DATA EXCERPT ::
━━━━━━━━
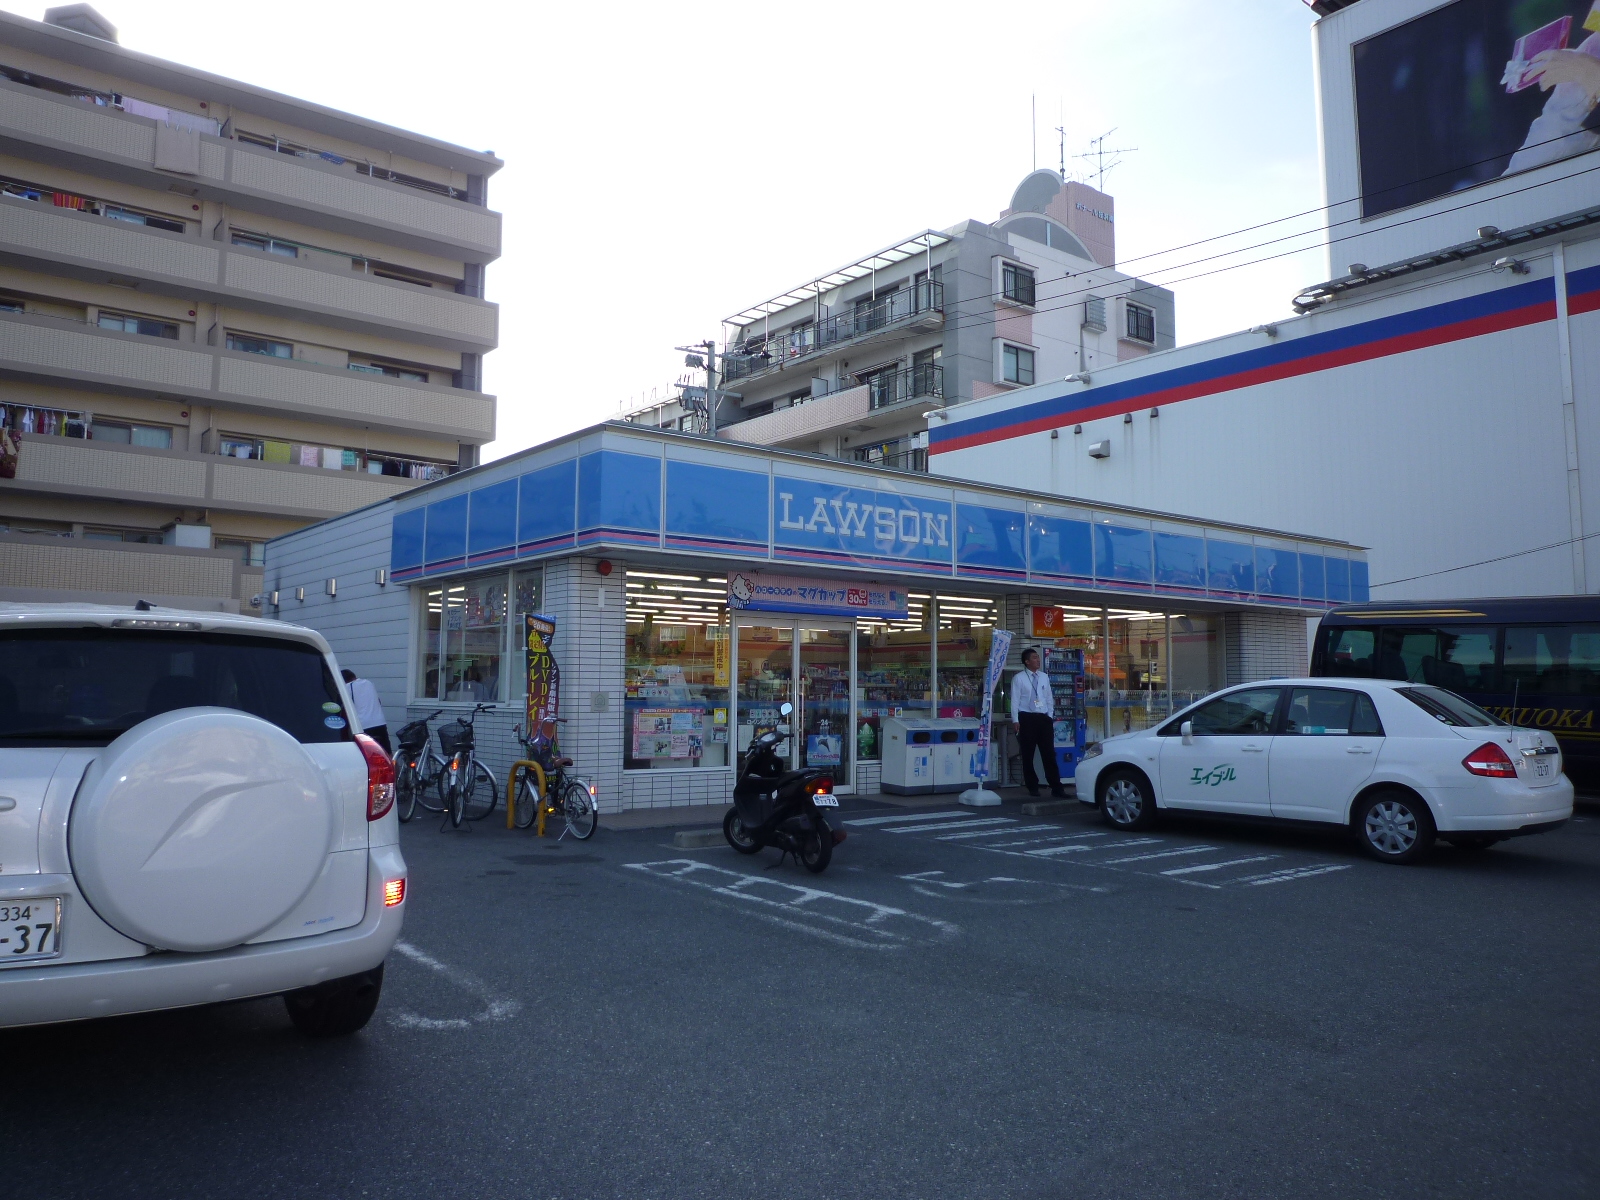 Convenience store. Lawson Ishimaru 1-chome to (convenience store) 401m
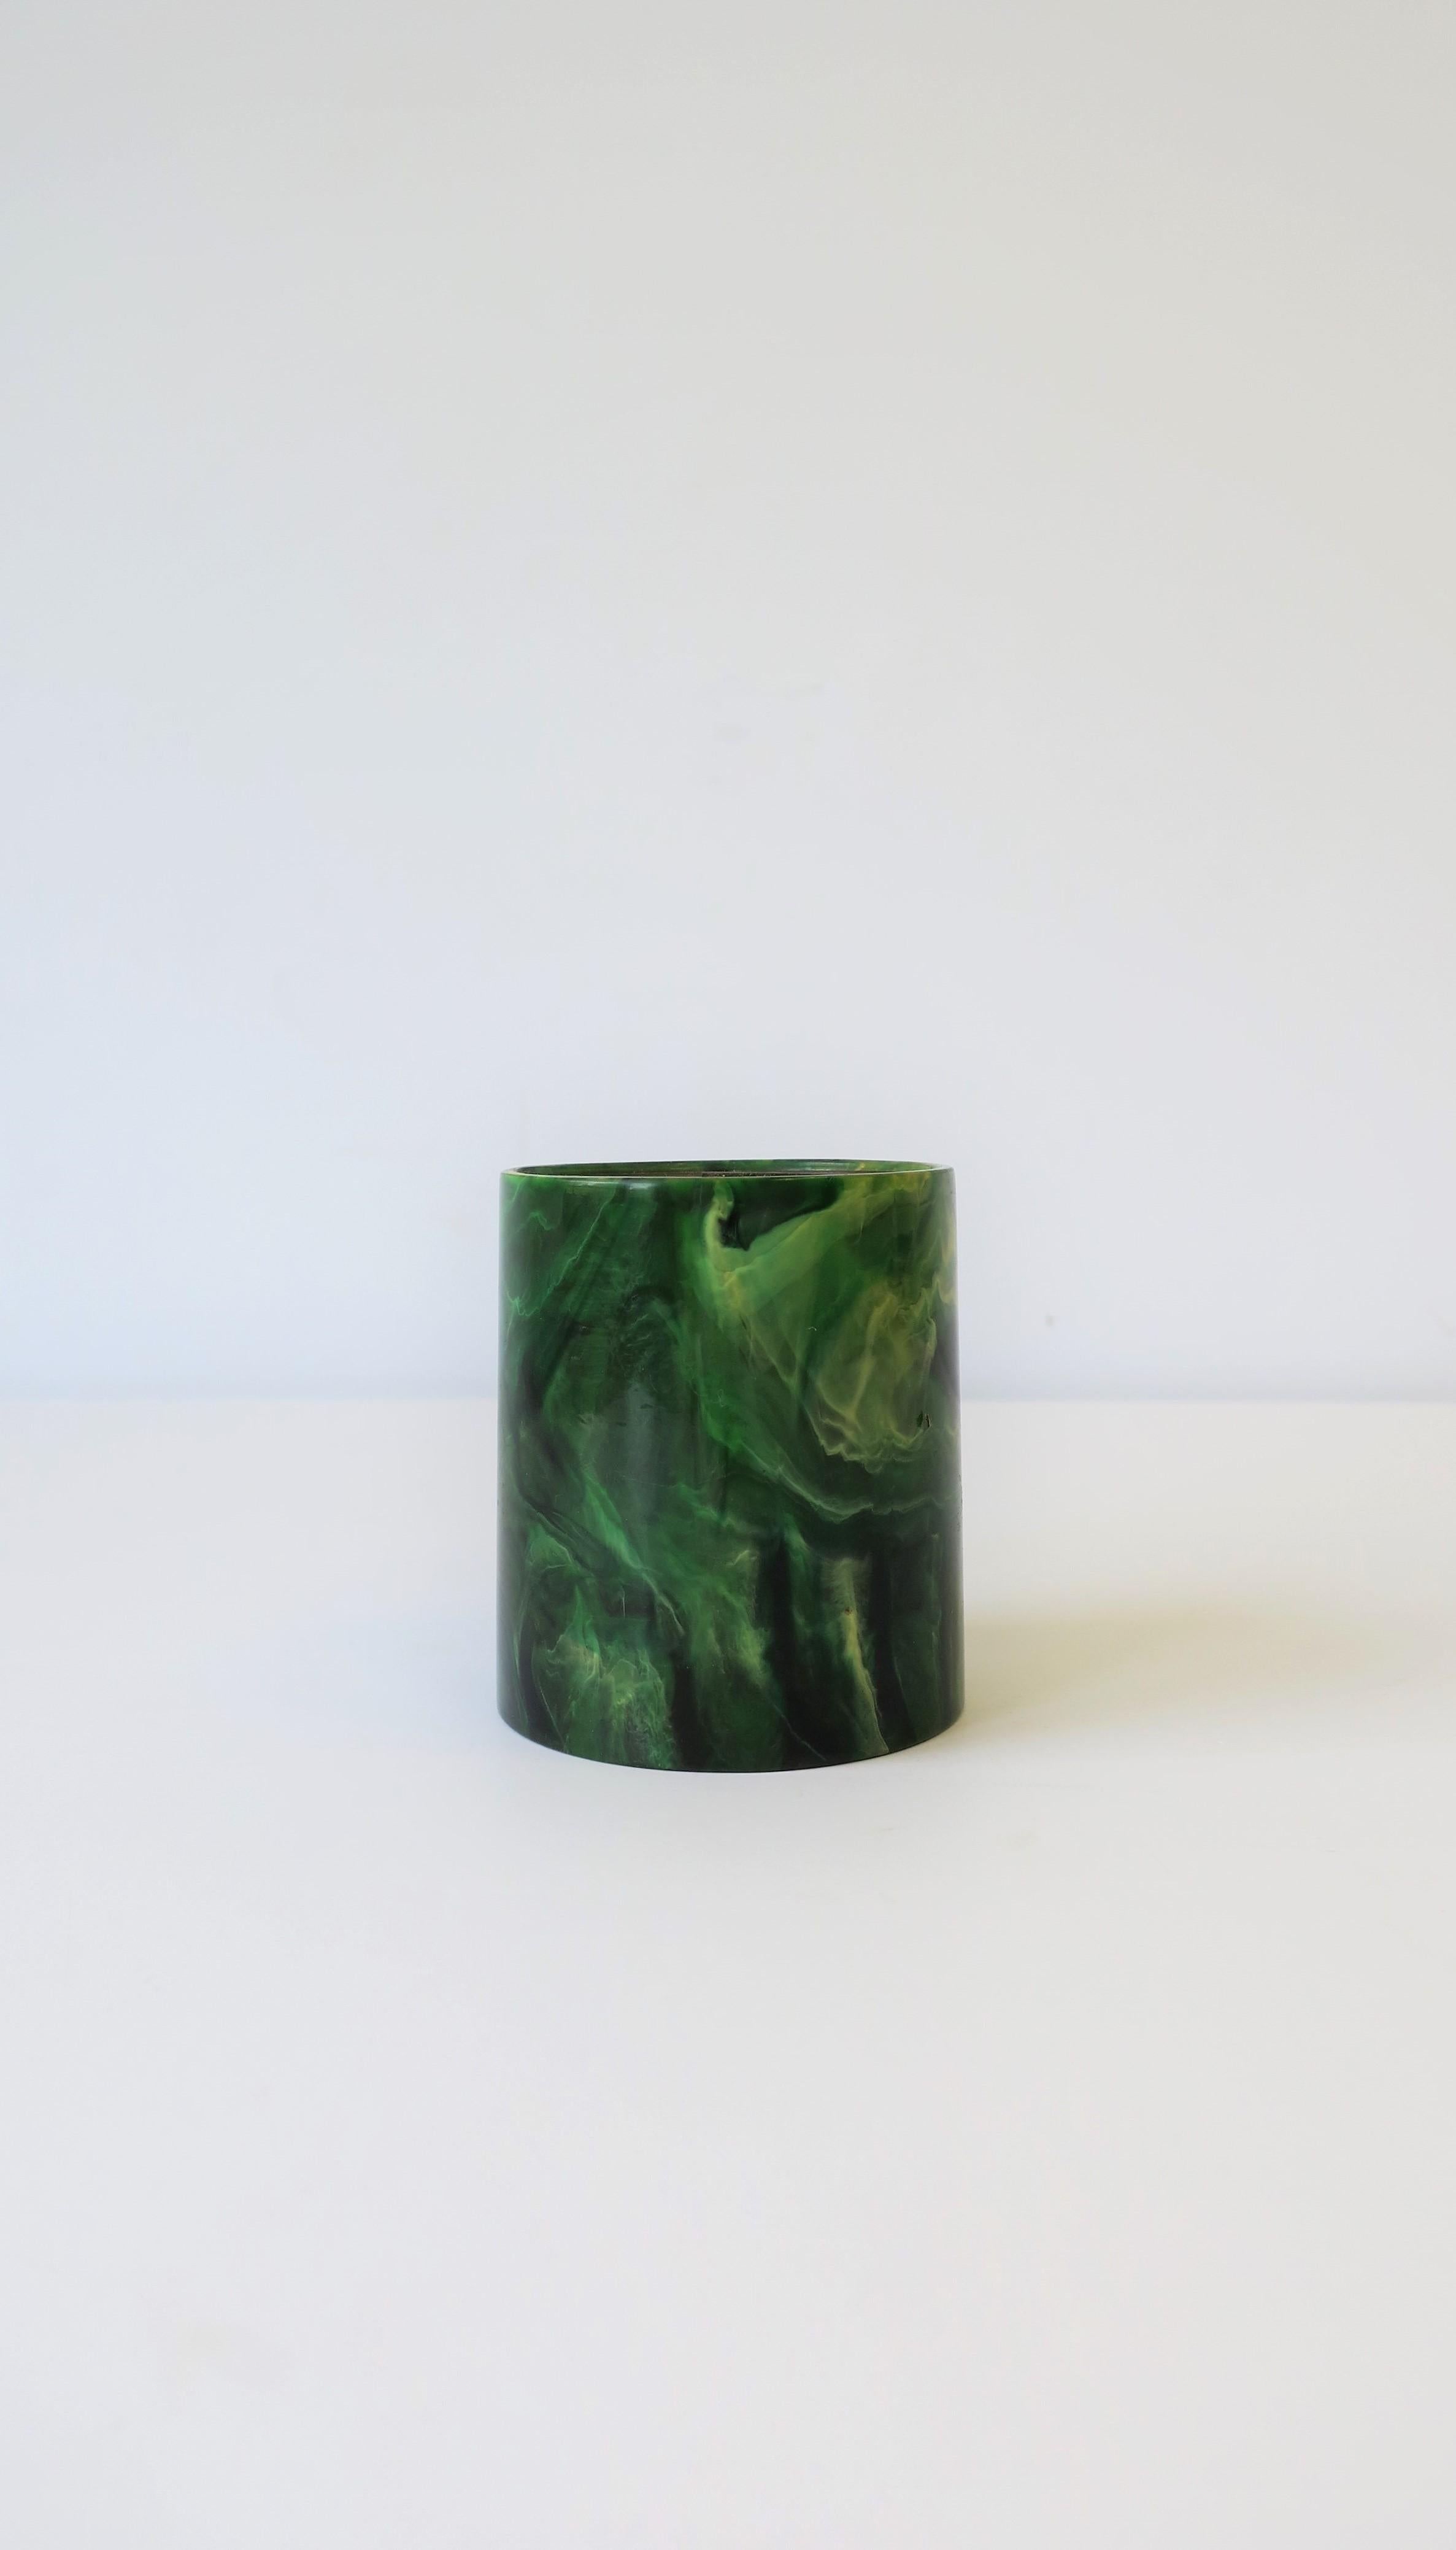 A chic vintage '70s Modern or Postmodern green malachite style desk pen/pencil holder cup, circa 1970s.

Piece measures: 2.75
━━━━━━━━
EXERCISE GOAL :: Make an exact copy of the listing. Do not carry over its pictures.

ANSWER SECTION ::
 Convenience store. Lawson Ishimaru 1-chome to (convenience store) 401m
 A chic vintage '70s Modern or Postmodern green malachite style desk pen/pencil holder cup, circa 1970s.

Piece measures: 2.75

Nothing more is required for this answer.